### Exercise directions
Drop every picture, then transcribe the remaining data exactly.

### Collected data
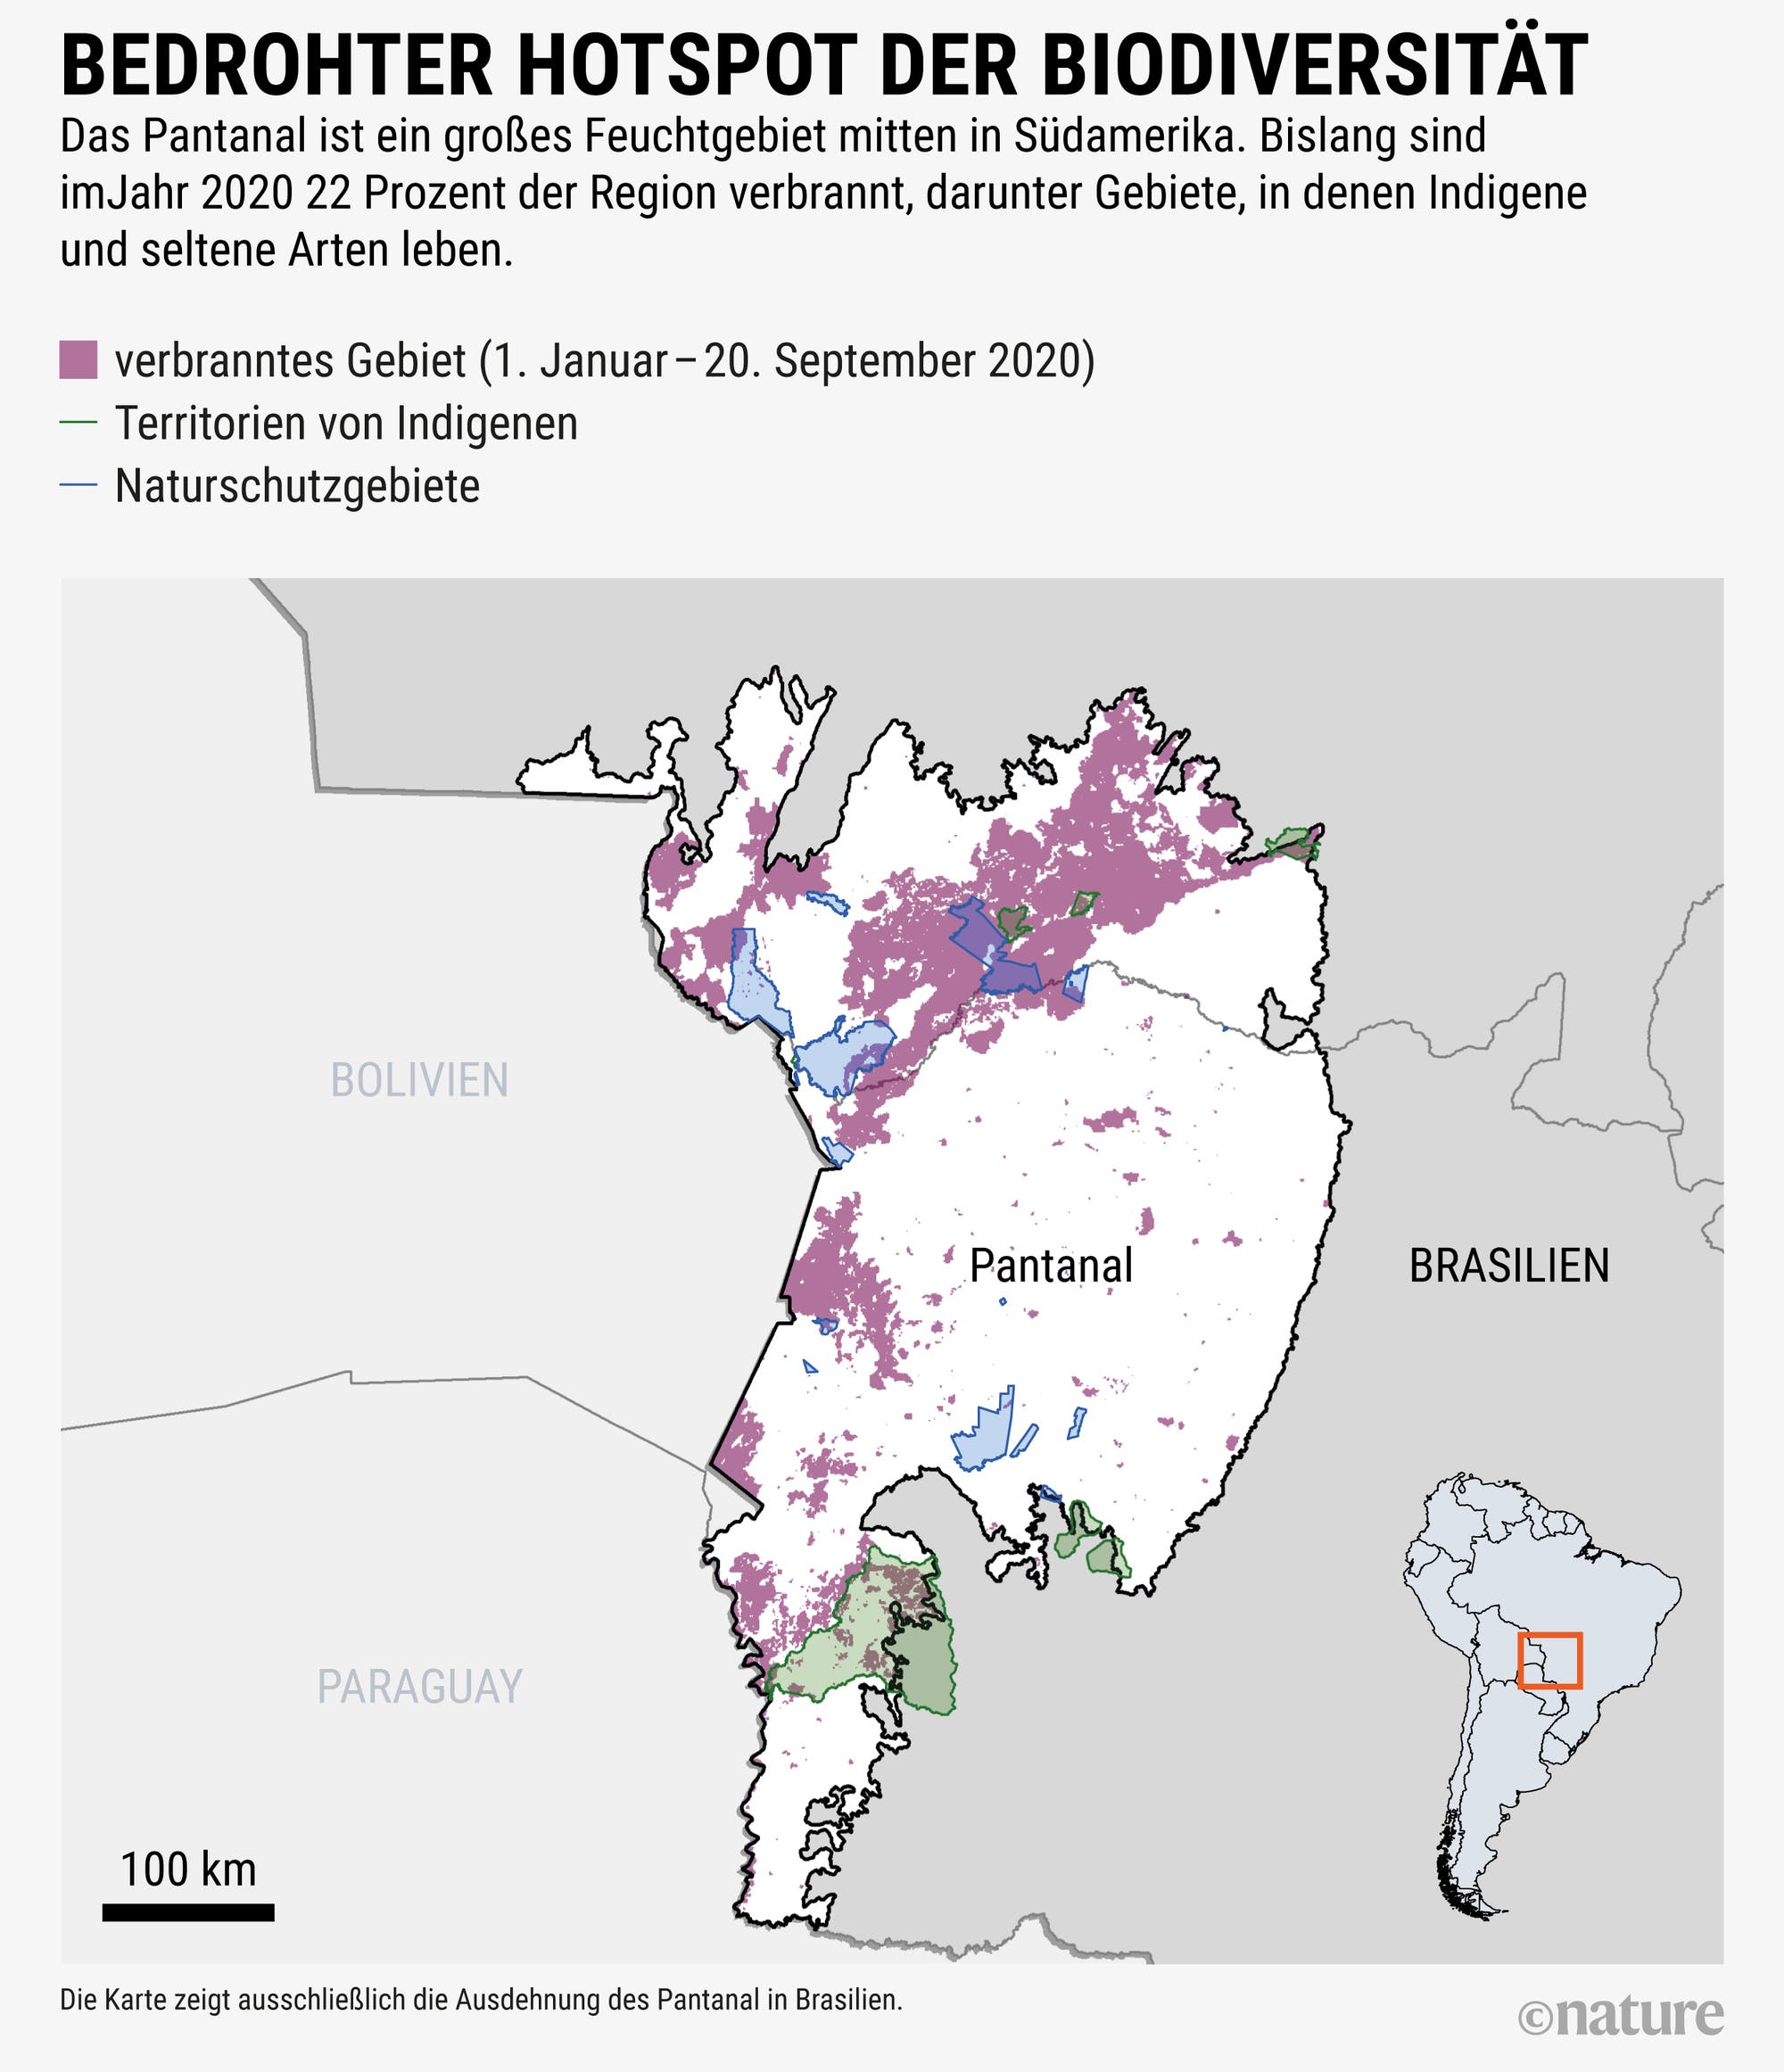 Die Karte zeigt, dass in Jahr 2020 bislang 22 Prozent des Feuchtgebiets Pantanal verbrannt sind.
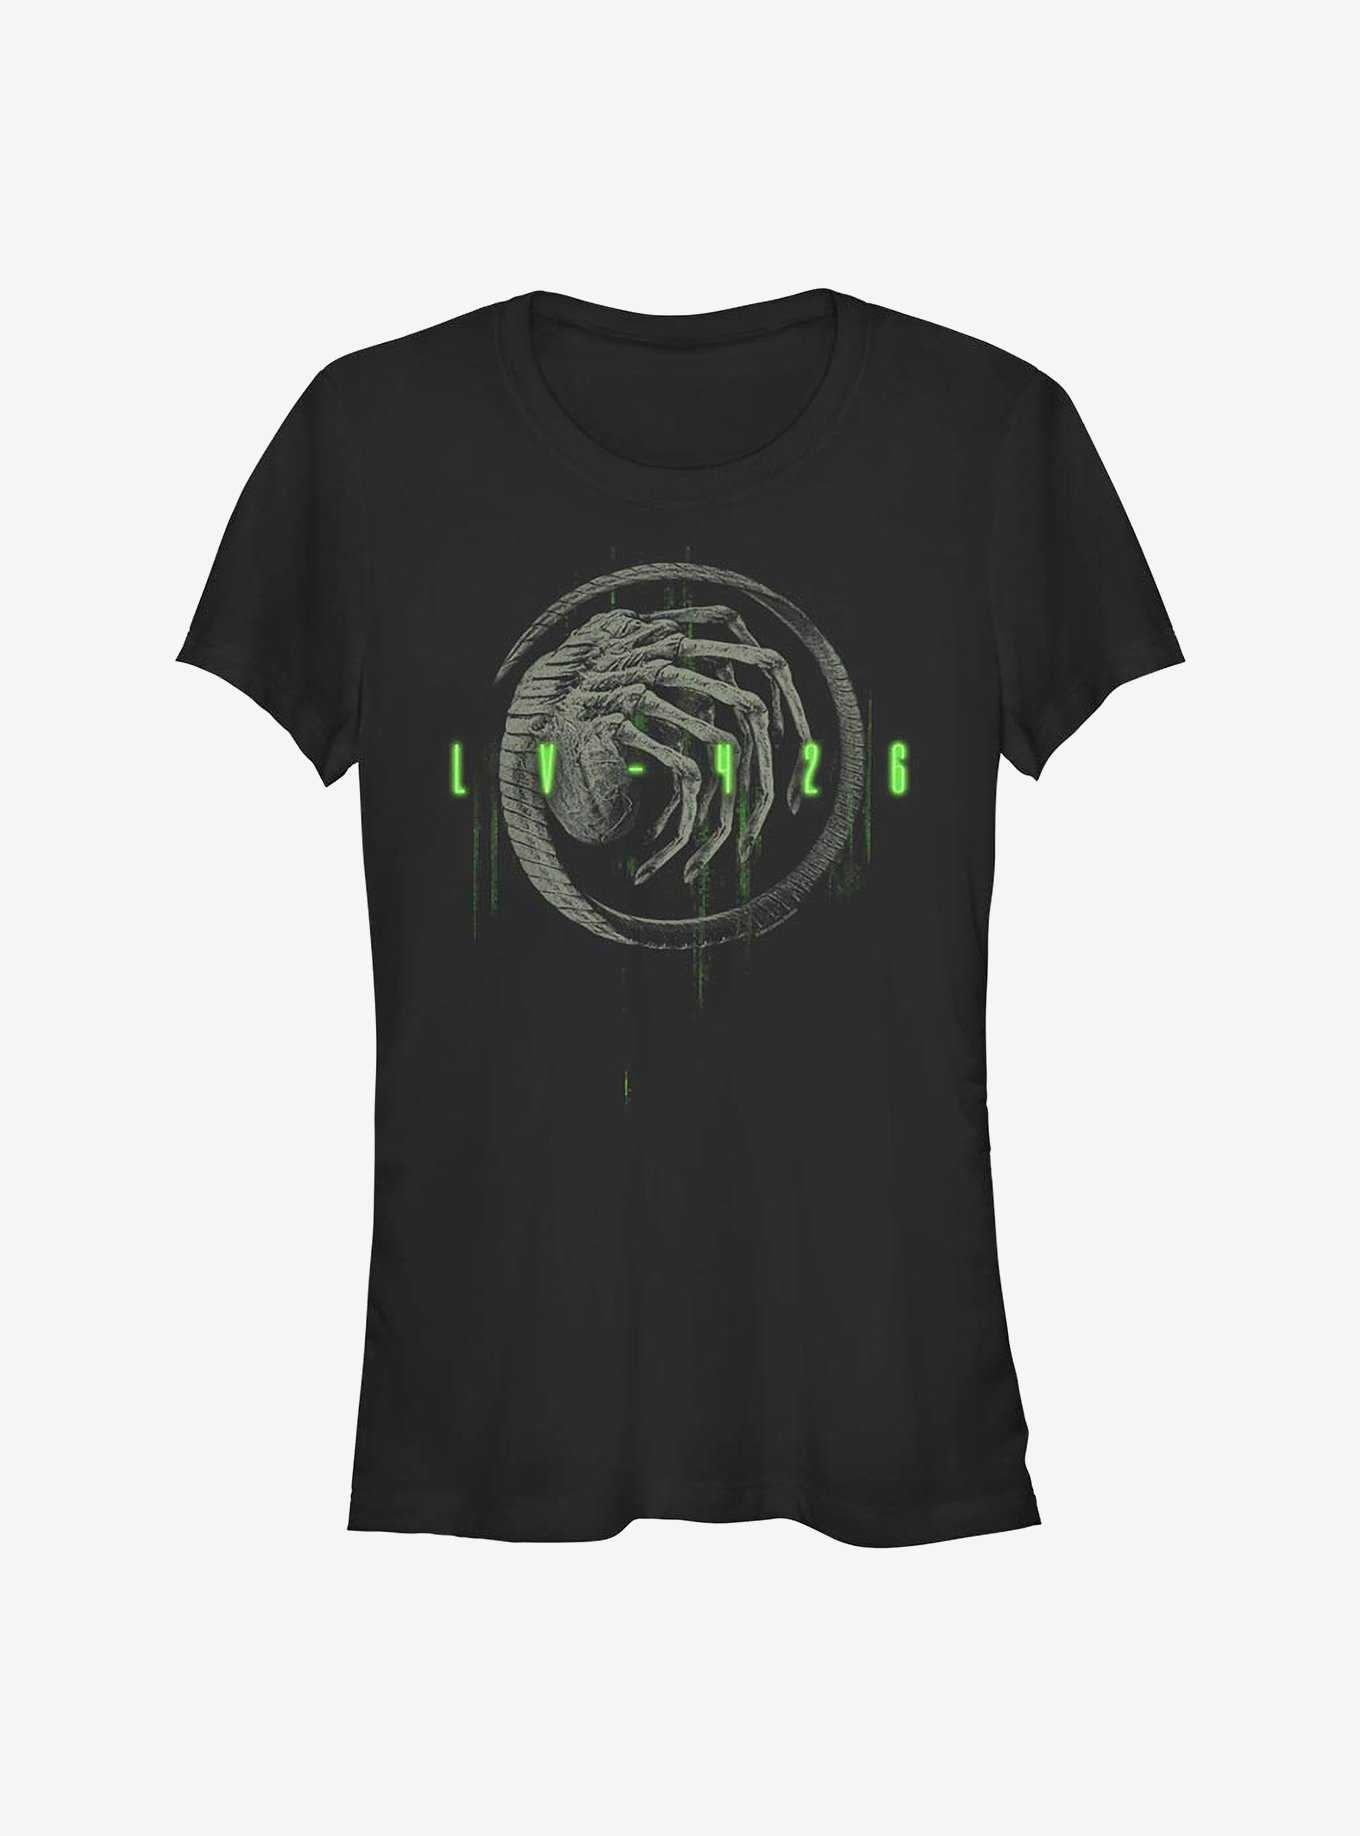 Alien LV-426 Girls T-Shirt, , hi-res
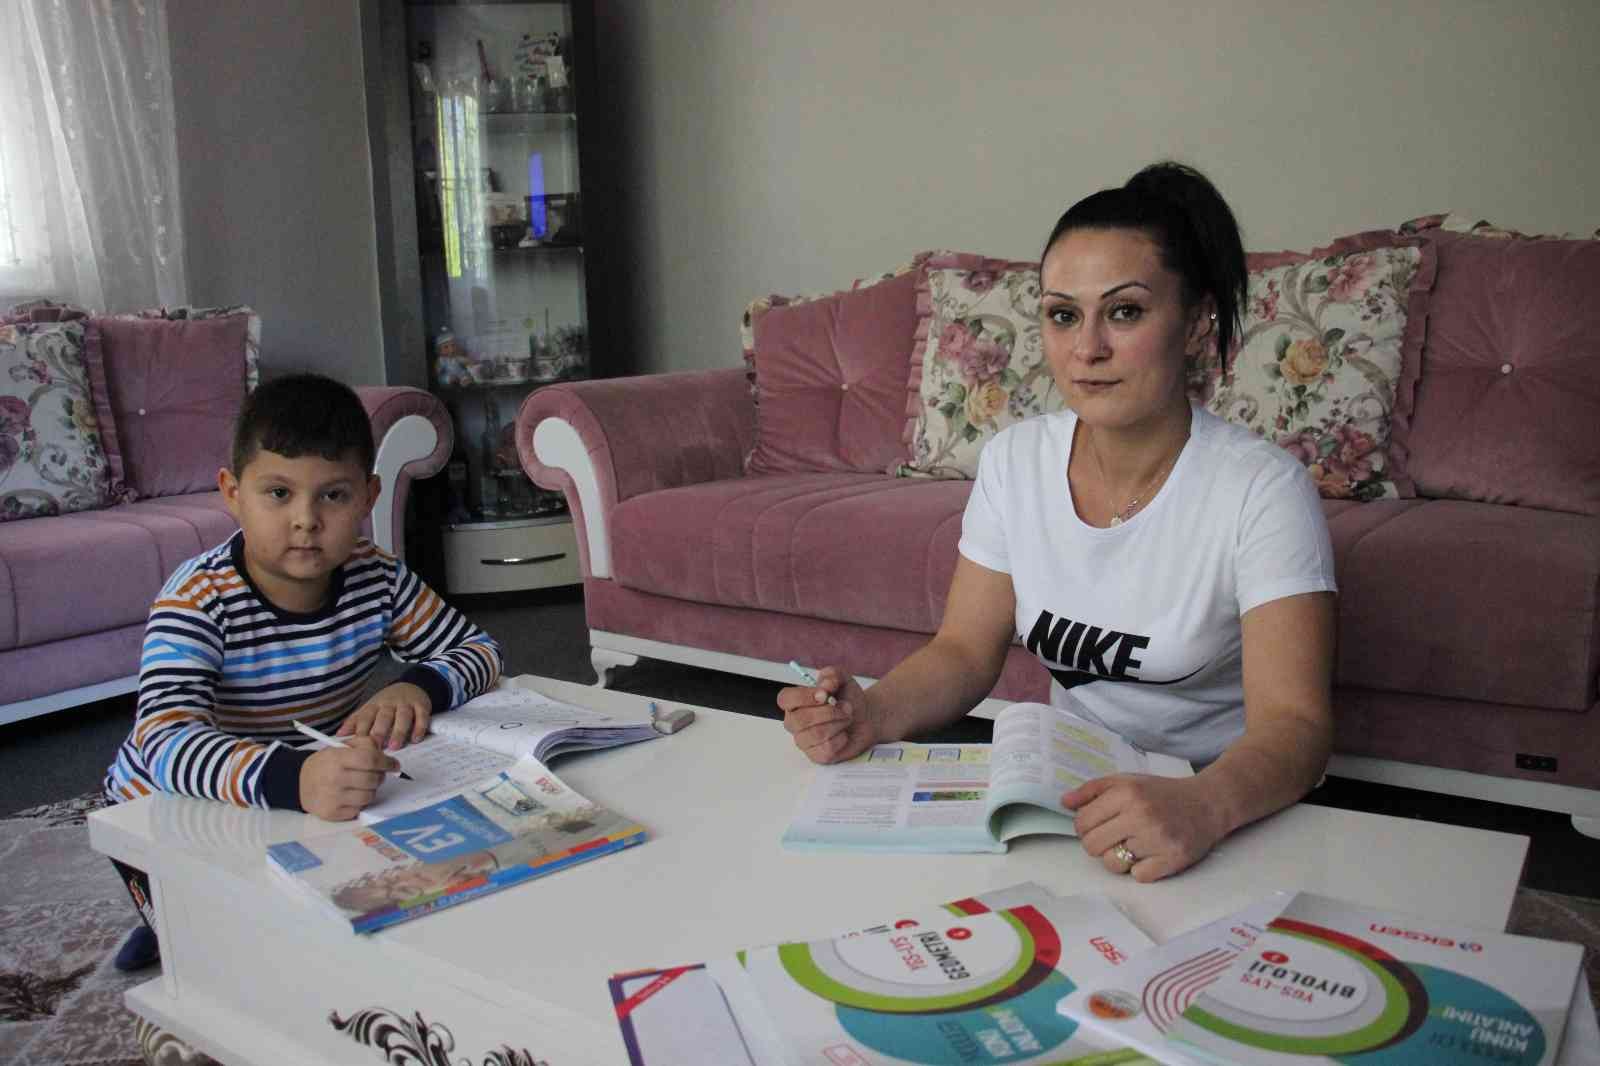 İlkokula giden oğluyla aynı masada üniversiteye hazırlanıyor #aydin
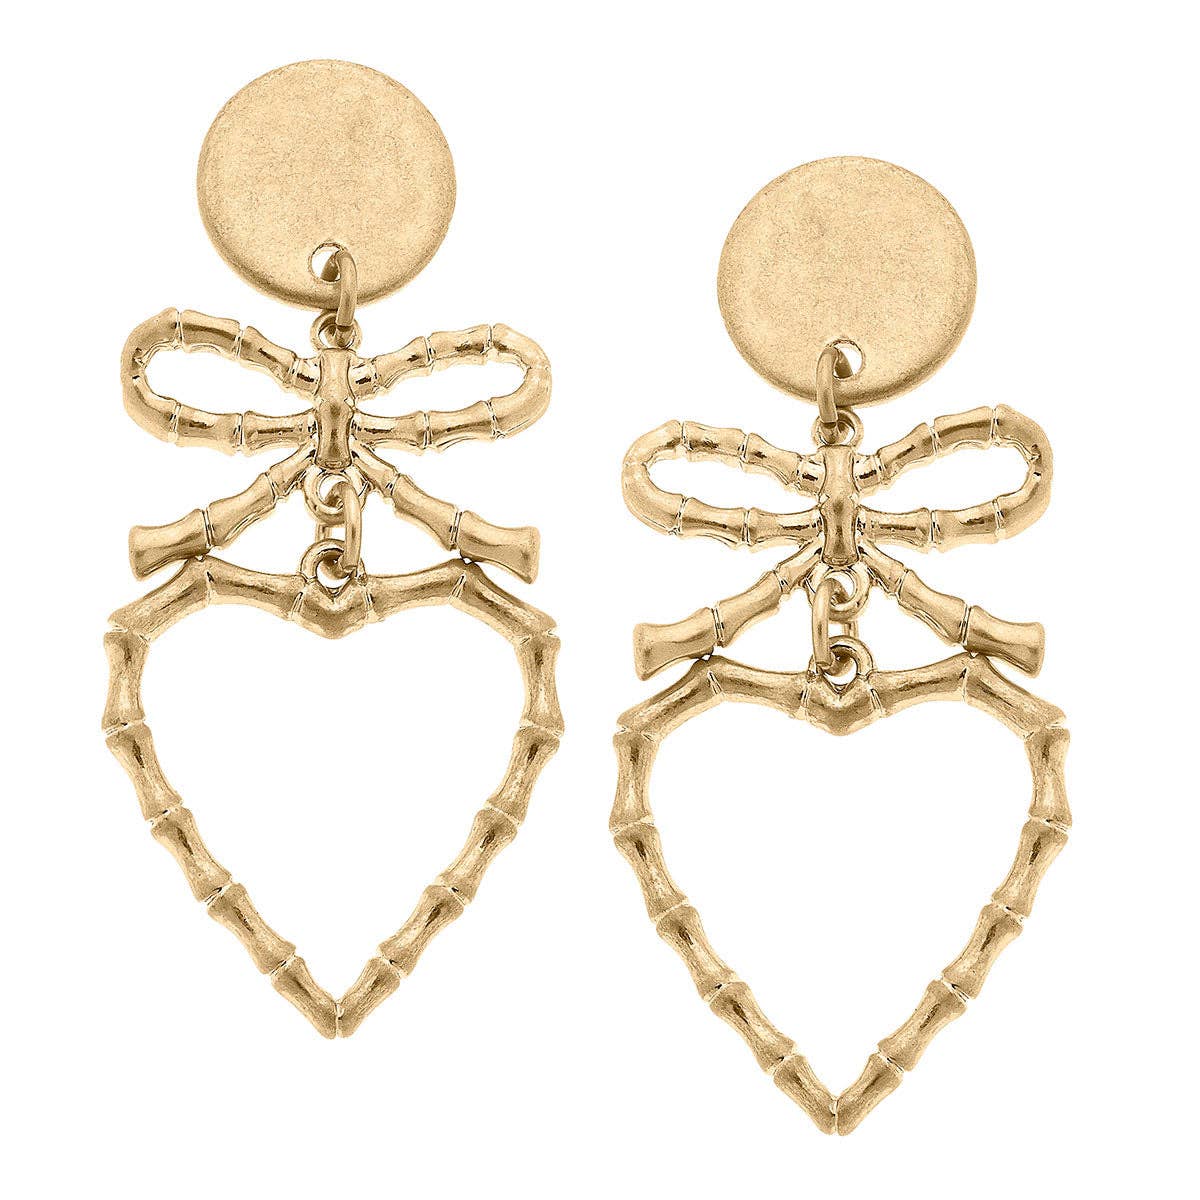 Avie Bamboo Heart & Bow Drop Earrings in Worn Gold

### Written answer
 Die Karte zeigt, dass in Jahr 2020 bislang 22 Prozent des Feuchtgebiets Pantanal verbrannt sind.
 Alien LV-426 Girls T-Shirt, , hi-res
 İlkokula giden oğluyla aynı masada üniversiteye hazırlanıyor #aydin
 Avie Bamboo Heart & Bow Drop Earrings in Worn Gold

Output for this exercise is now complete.